Mutated Agrin Induces Remodeling of Pre-existing NMJs and Their Fragmentation (A) Rat soleus muscles were injected with saline, wild-type agrin, or mutated agrin. After 2 weeks, muscles were removed and stained for AChRs with α-bungarotoxin (red) and neurofilament antibodies (green). As for the patient biopsy specimen (see Figure 2), the different NMJs observed were divided into four categories: normal, denervated, remodeling, and neoformed. Note in the bottom insert the disheveled appearance of the stained neurofilaments observed in the NMJ in remodeling. This peculiar aspect of disassembly of terminal axons was specific of NMJs after injection of mutated agrin and was never observed after injection of wild-type agrin. The scale bar represents 10 μm for the four low-magnification prints and 4 μm for the two inserts. (B) The graph represents the distribution of the NMJs in these four categories depending on the injection: saline, wild-type agrin, or mutated agrin.
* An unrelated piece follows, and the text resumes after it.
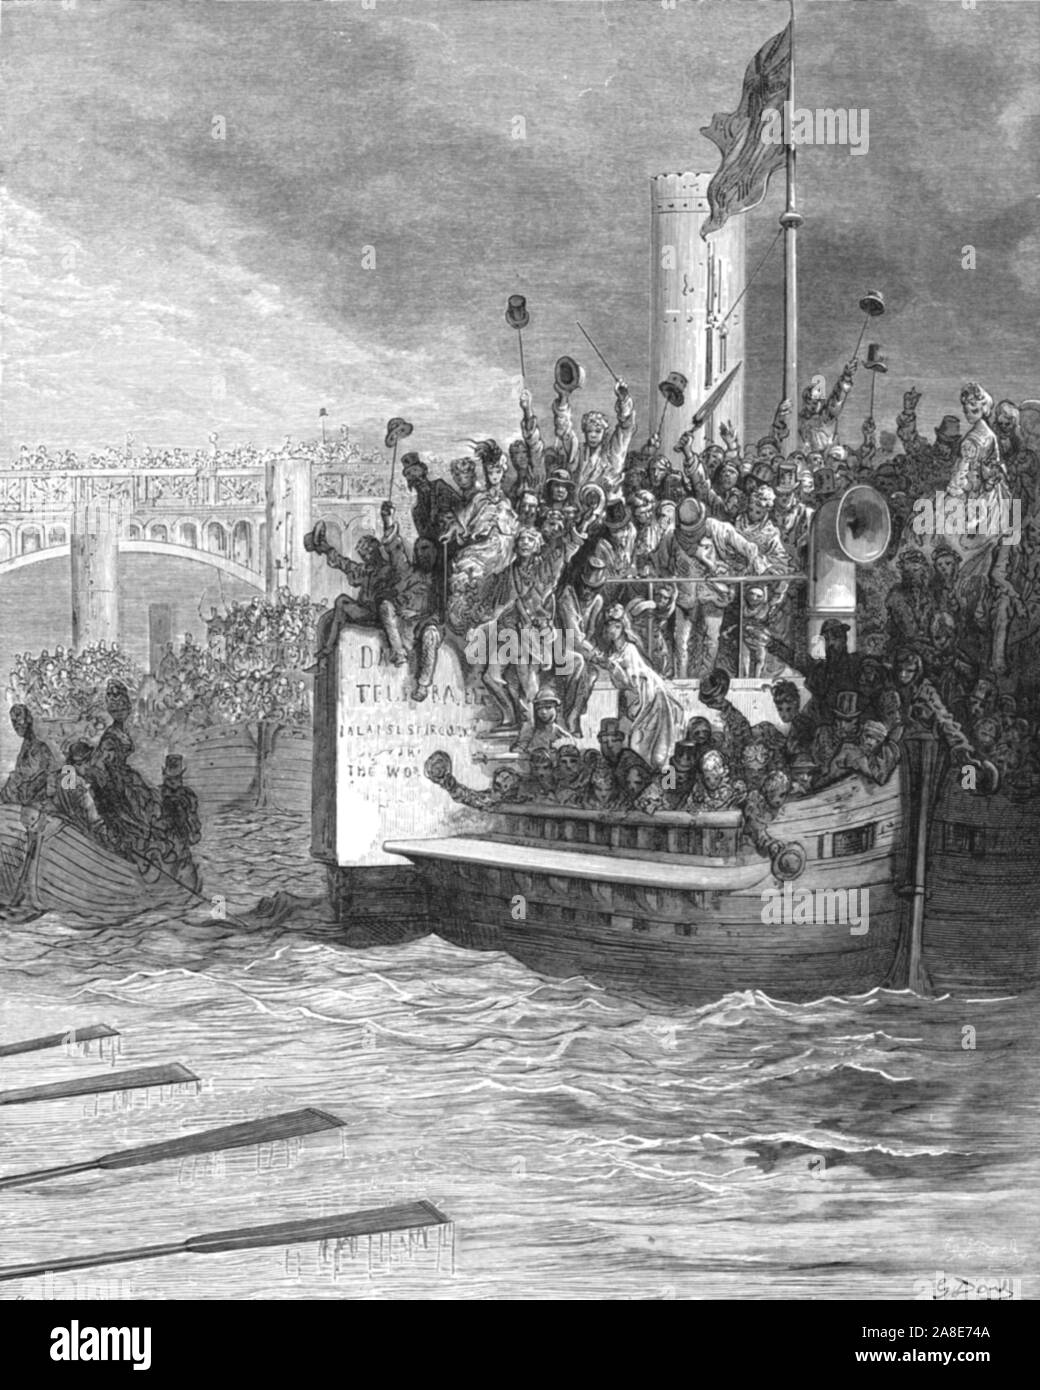 'The Race', 1872. Spectators cheer from boats and bridges during a boat race on the River Thames. From, &quot;LONDON. A Pilgrimage&quot; by Gustave Dore and Blanchard Jerrold. [Grant and Co., 72-78, Turnmill Street, E.C., 1872]. Stock Photo
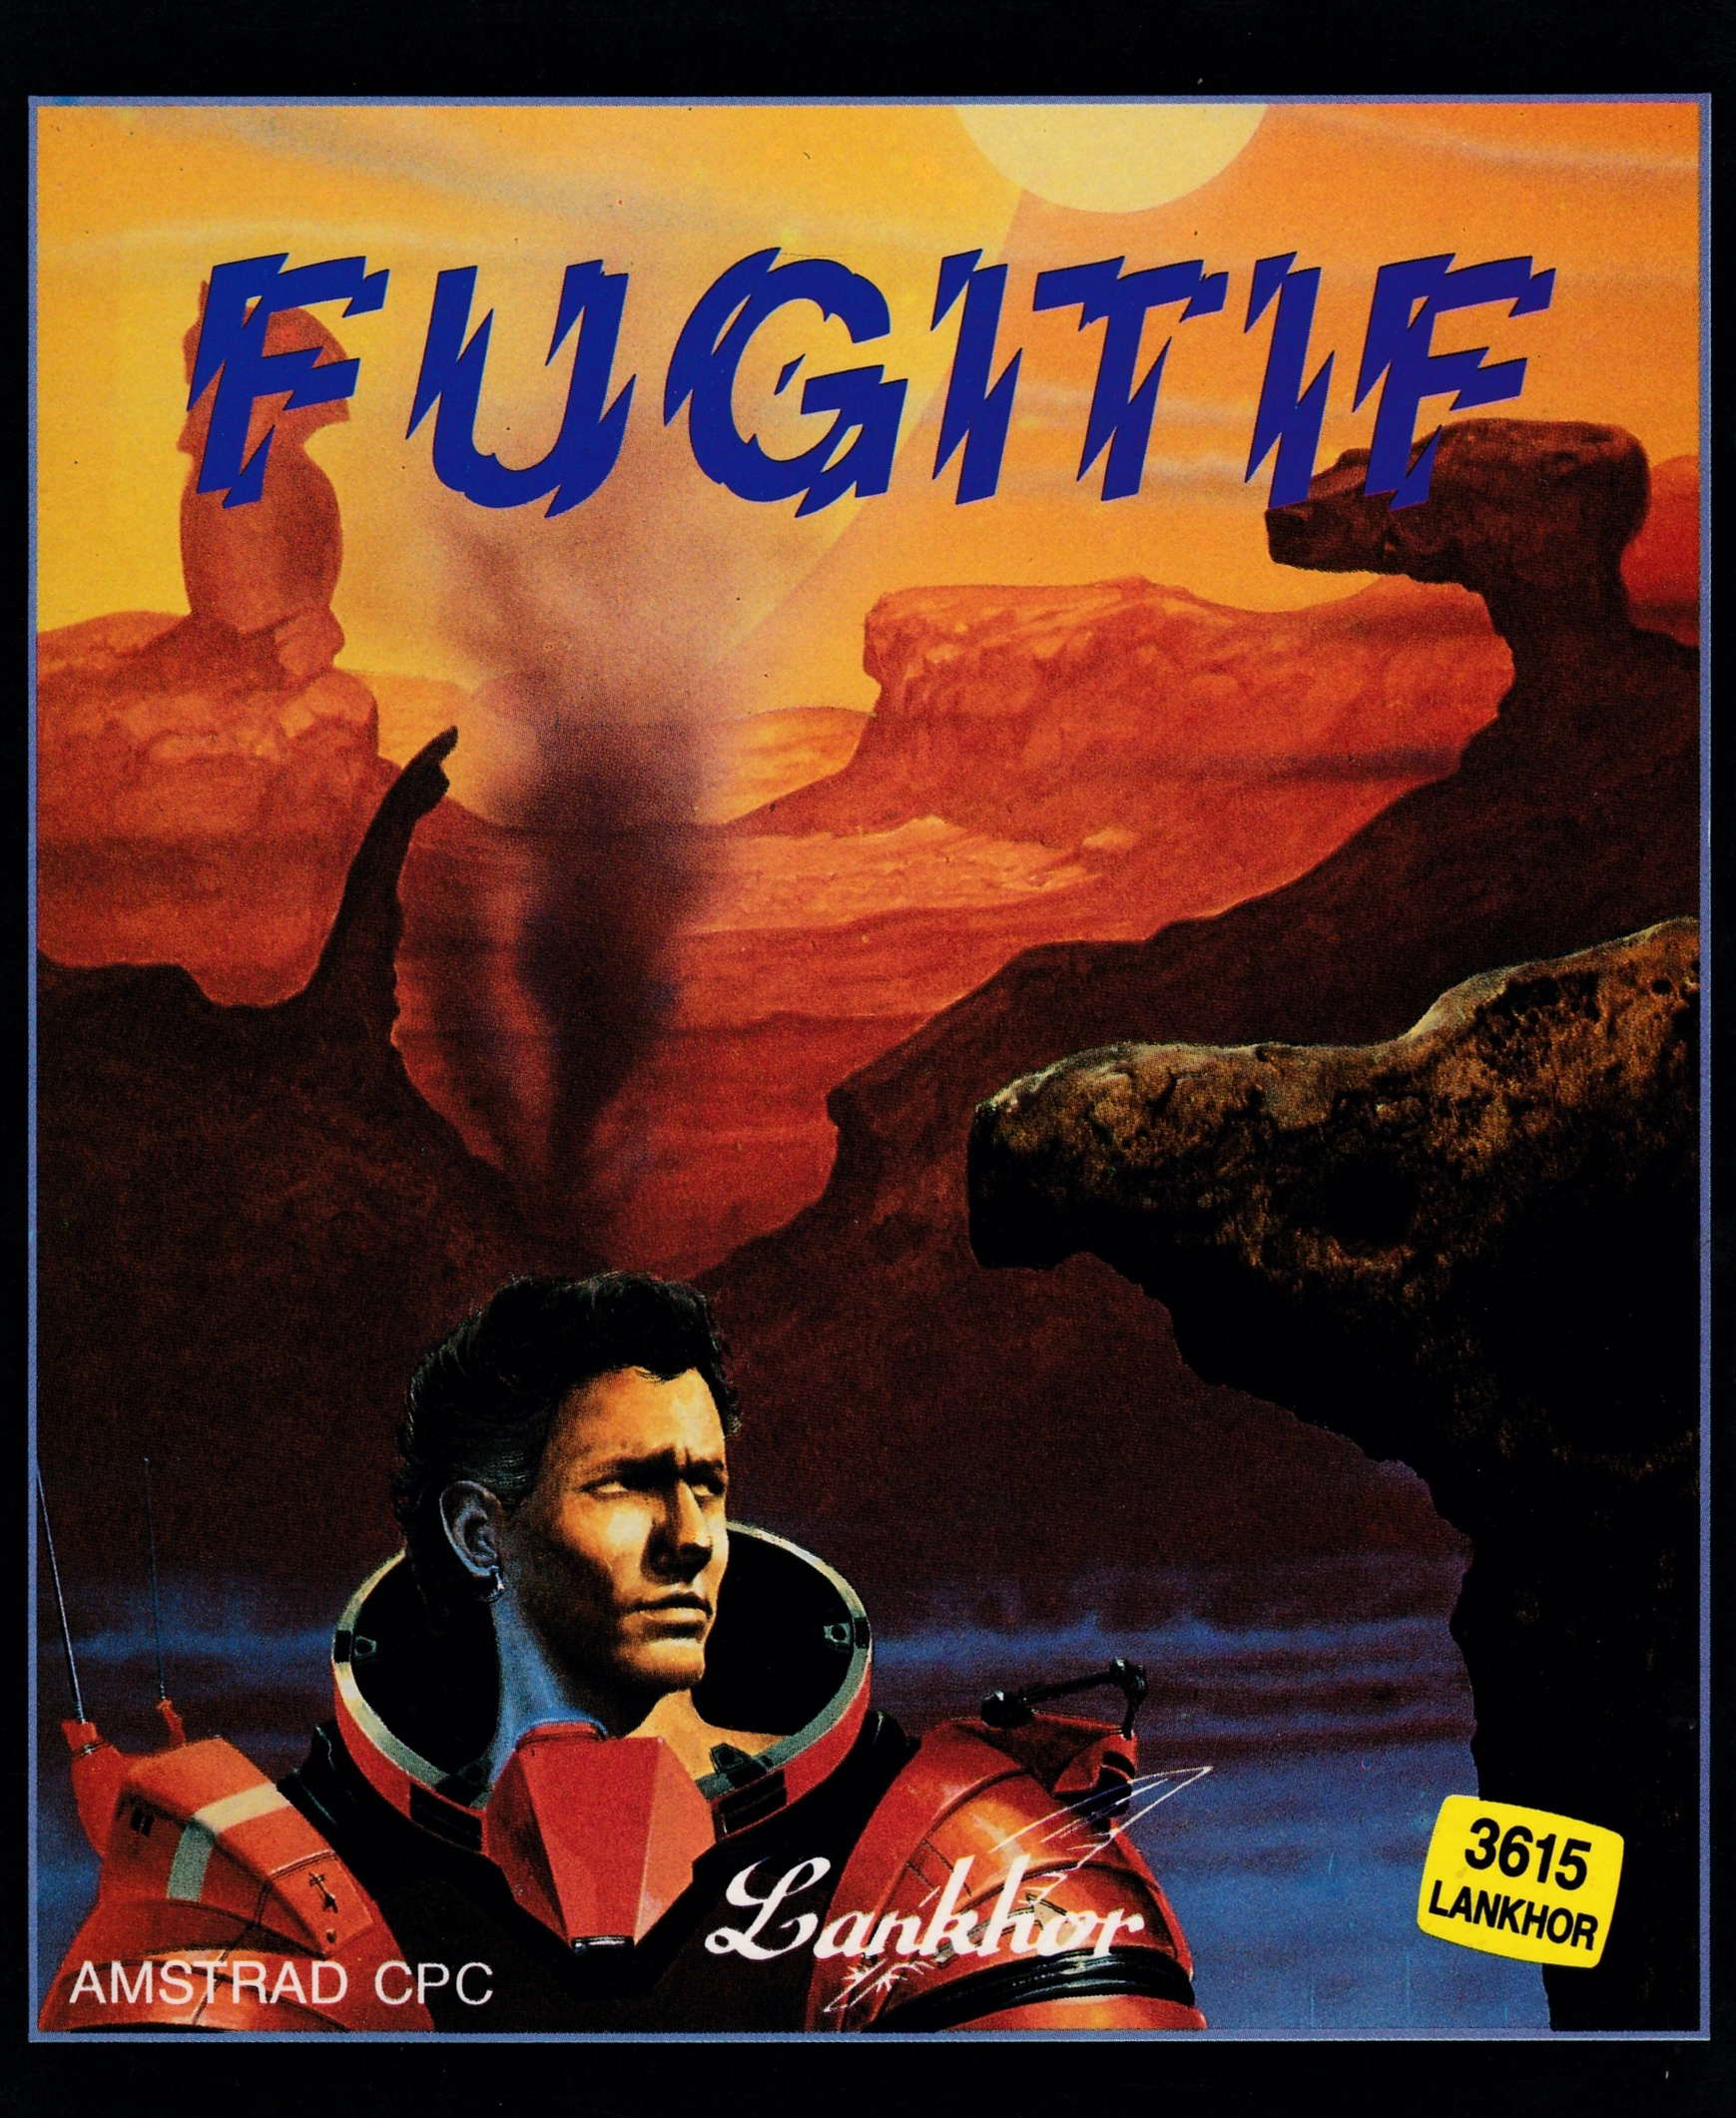 screenshot of the Amstrad CPC game Fugitif by GameBase CPC

Note that the distribution for mutated agrin is similar to that observed in the patient muscle-biopsy specimen (Figure 2B). (C) The fragmentation of NMJs was significantly increased in mutated agrin-treated muscles in comparison with the saline-treated and even the wild-type agrin-treated muscles according to Kruskal-Wallis test (saline: n = 42; wild-type agrin: n = 45; mutated agrin: n = 44; H = 52; p < 0.001). Colored squares represent medians, and boxes represent 25^th to 75^th percentiles.